The world of French politics has been sullied by sex scandals once again. Will lessons be learned this time?

Sex scandals: Are French politicians really the worst?
Michel Sapin, Denis Baupin and Dominique Strauss-Kahn. Photo:AFP

Same old French politicians. Depressingly familiar. 

These words sum up many of the reactions by foreign observers to the news that two high profile French lawmakers, including the country’s finance minister, had become embroiled in the latest sexual harassment scandals to hit French politics.

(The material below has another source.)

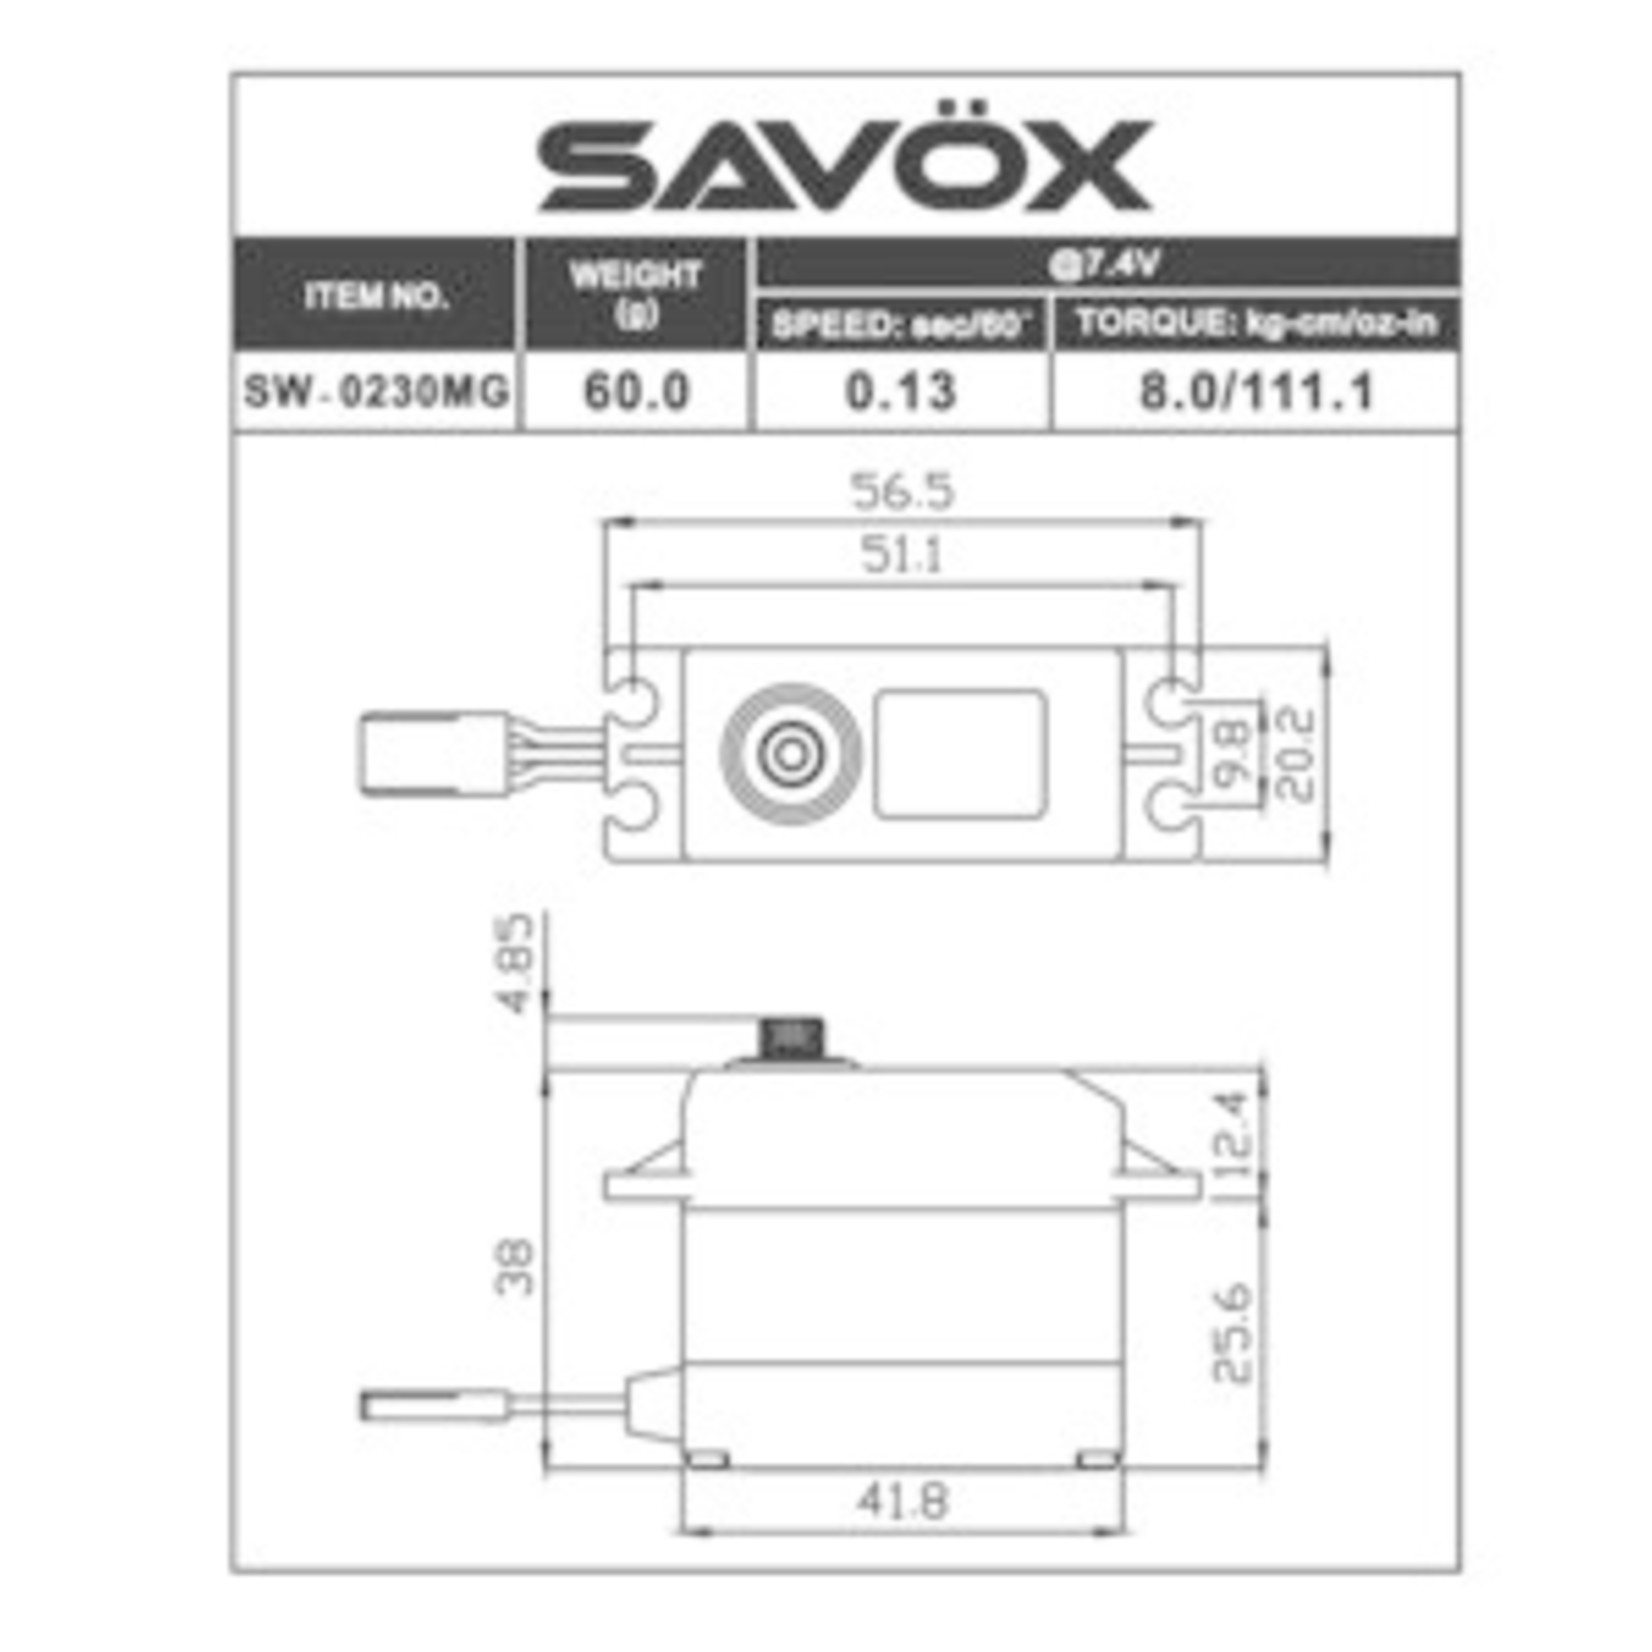 Savox Waterproof Standard Digital Servo 0.13sec / 111.1oz @ 7.4V (DISCONT)

Firstly deputy parliamentary speaker Denis Baupin was accused of sexual harassing a number of women over several years, after which police opened an official investigation.

For his part Baupin launched legal action against his accusers.

Then, clearly feeling the heat as the spotlight was shone on the shoddy behaviour of some of France’s political elite, the Finance Minister Michel Sapin issued a mea culpa.

The minister and close ally of President François Hollande admitted he had acted “inappropriately” towards a French journalist during a visit to Davos. He confessed that he “made a comment to a female journalist about her clothing while placing my hand on her back.”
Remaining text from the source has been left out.